The primary driver of M&T’s revenue is net interest income, that is, interest collected on loans and investments less interest paid on deposits and borrowings. Expressed on a  taxable-equivalent basis, net interest income grew by 7 percent to $4.09 billion in 2018. The higher interest rate environment contributed  to a 51 basis point (hundredths of one percent) increase in the yield on earning assets with just a 23 basis point increase in the rate paid on deposits and borrowings. Combined with the impact of a higher contribution from interest-free funds, the result was expansion of the net interest margin, or taxable-equivalent net interest income expressed as a percentage of average earning assets, to 3.83 percent in 2018, compared with 3.47 percent in 2017.

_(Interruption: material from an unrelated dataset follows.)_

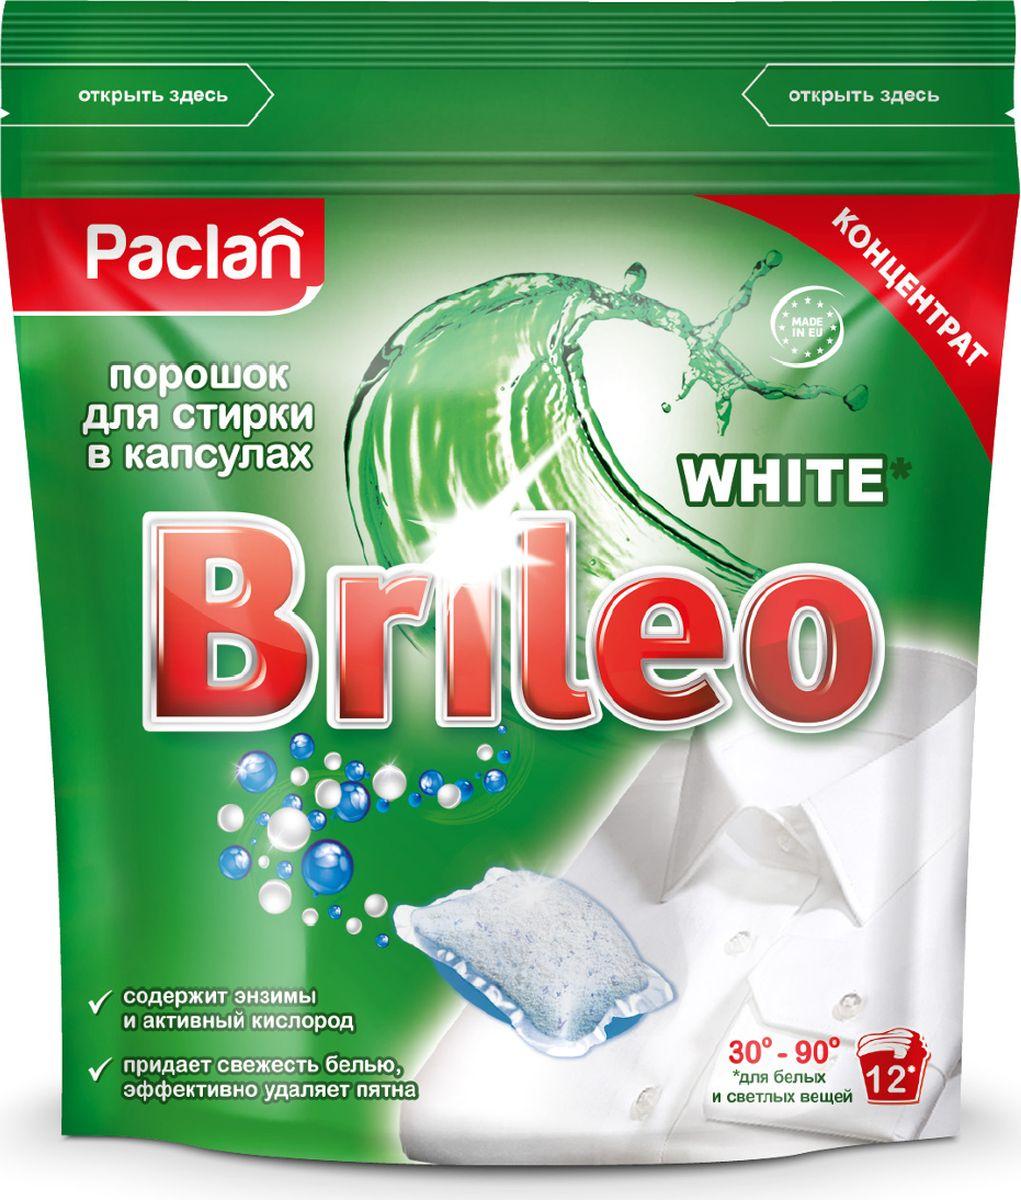 Порошок стиральный Paclan White, для белого белья, концентрат, в капсулах, 12 шт440100Пять энзимов в составе инновационной формулы отлично отстирывают загрязнения. Кислородный отбеливатель придает кристальную белизну. Пятновыводитель эффективно удаляет любые пятна. Отлично отстирывает даже при 30°С. Придает вещам приятный аромат.

The benefit of 2018’s wider net interest margin was somewhat checked by a year-over-year decline in average loans. Total loans averaged $87.4 billion last year, or some $1.4 billion lower than in 2017.

To look only at total loans would be to miss  the intentional balance sheet transformation underway since late 2015, when Hudson City Bancorp, Inc. (“Hudson City”) merged with M&T. The average balance of residential mortgage loans, most of which were acquired through the Hudson City combination, declined by $2.7 billion during 2018, continuing the planned runoff which has reduced their balance by nearly half since the merger. Partially offsetting that contraction was an increase in commercial and other consumer loans of more than $1.2 billion.

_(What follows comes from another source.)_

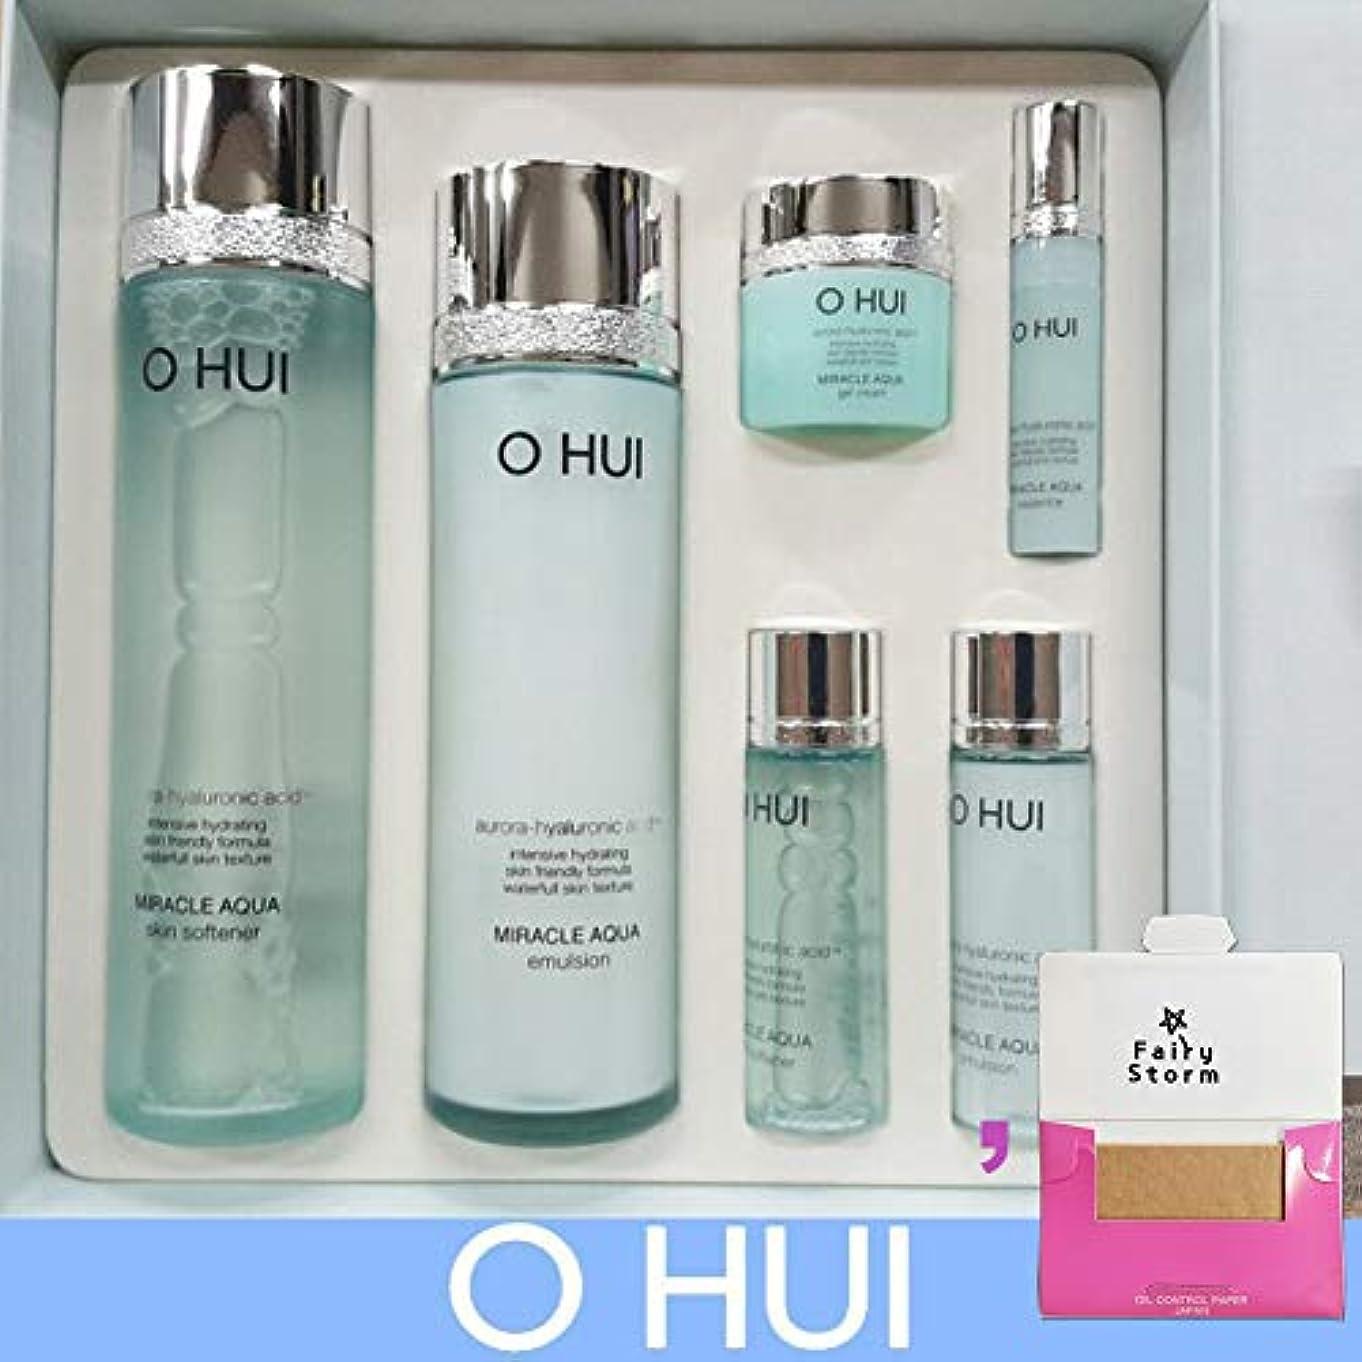 エチケットルーシャワー[オフィ/O HUI]韓国化粧品LG生活健康/O HUI MIRACLE AQUA SPECIAL SET/ミラクルアクア2種セット+[Sample Gift](海外直送品)

The improved rate of economic growth in the United States, combined with a near-record low unemployment rate, continued to bolster the financial health of our consumer and commercial customers. Loans on which we no longer accrue interest due to concerns about their ultimate collectibility were little changed, with the ratio  of non-accrual loans to total loans inching up by a scant one basis point to 1.01 percent. Net chargeoffs, that is, loans written off as uncollectible less the recovery of loans previously written-off, expressed as a percentage of average loans, were historically low at 15 basis points. That was an improvement from the already low 16 basis points reported in 2017 and was the lowest level recorded by M&T since 1987. At 2018’s year end, the ratio of the allowance for loan losses to loans outstanding stood at 1.15 percent.

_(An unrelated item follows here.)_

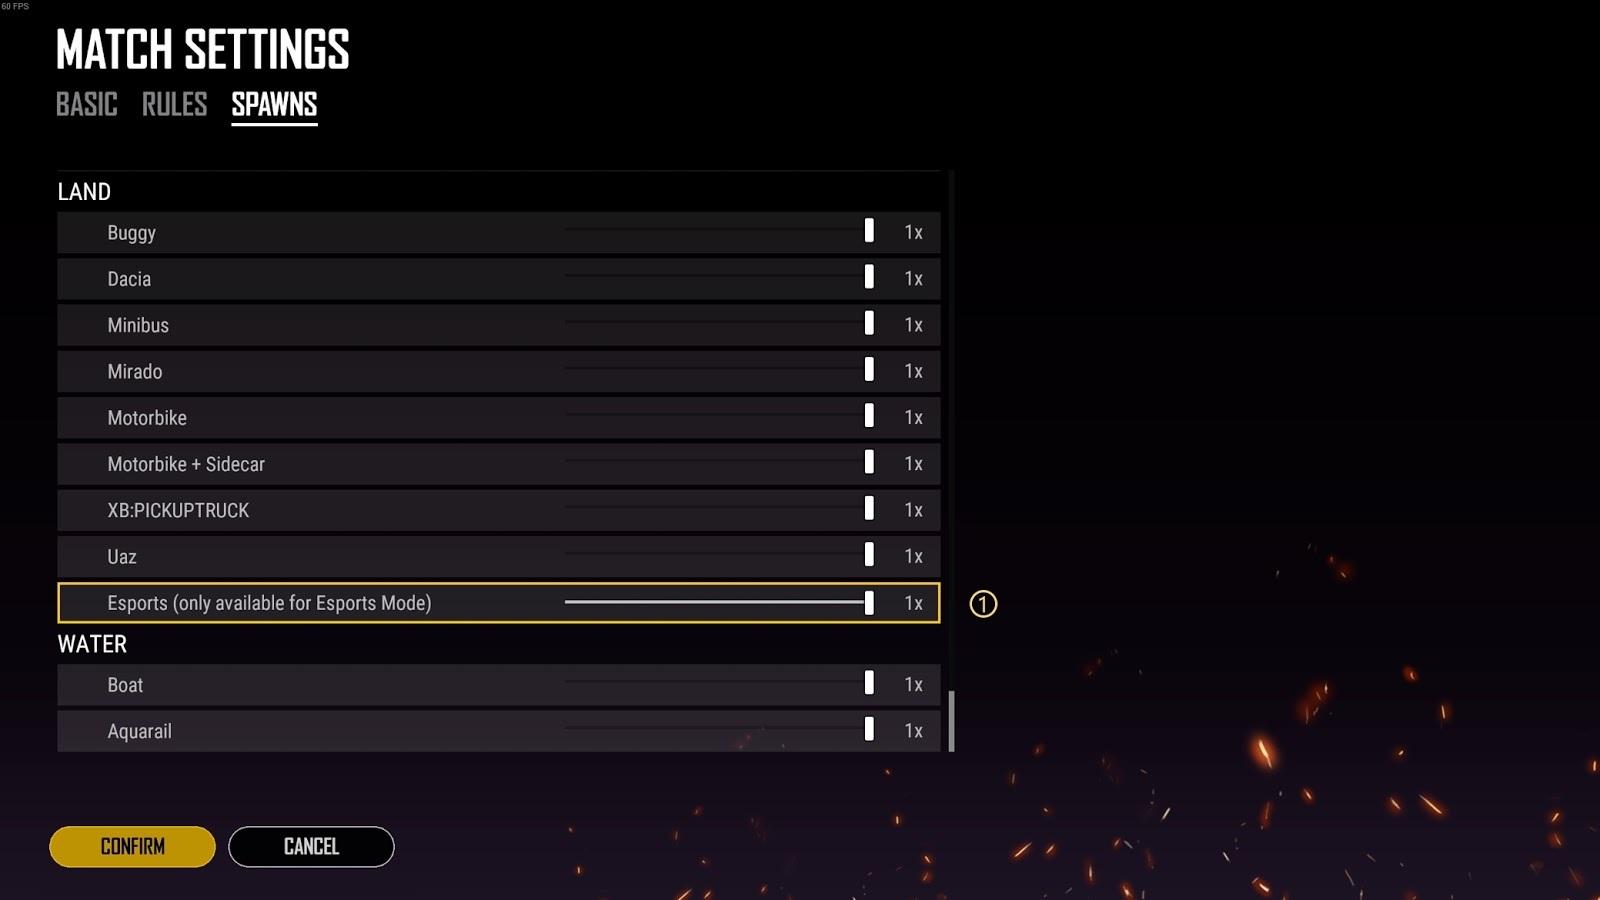 Interface de configuração das regras do esporte mode no custom match

Noninterest income totaled $1.86 billion last year, representing merely a $5 million increase from the previous year. However, that modest increase was significantly dampened by the impact of both realized gains from sales of investment securities in 2017 and a change in accounting rules for unrealized gains or losses on marketable equity securities. While those unrealized amounts were recorded directly in shareholders’ equity in prior years, beginning in 2018, they were recognized in the income statement. In combination, these items account for $28 million of the difference compared to the prior year. Additionally, implementation of new revenue recognition accounting rules resulted in the classification  of $14 million of rewards provided to retail customers for using our credit cards as a reduction of noninterest income. For years prior to 2018, those rewards are classified as other expense in our financial statements. If not for  the impact of those changes, spurred, in large part, by new accounting requirements, noninterest income would have increased by  $46 million as compared with 2017. Leading the way in that year-over-year improvement was trust income, predominantly comprised of revenues from our Wealth Advisory Services  and Institutional Client Services businesses, which together comprise our Wilmington Trust brand. Trust income totaled $538 million for 2018, representing a 7 percent increase. Other  fee categories, which include residential and commercial mortgage banking revenues and service charges on deposit accounts, were little changed from the prior year. Residential mortgage banking in particular was challenged by higher long-term interest rates, resulting in limited mortgage refinancing opportunities. Lower housing inventories, particularly for starter homes, have also impacted the market  for mortgages.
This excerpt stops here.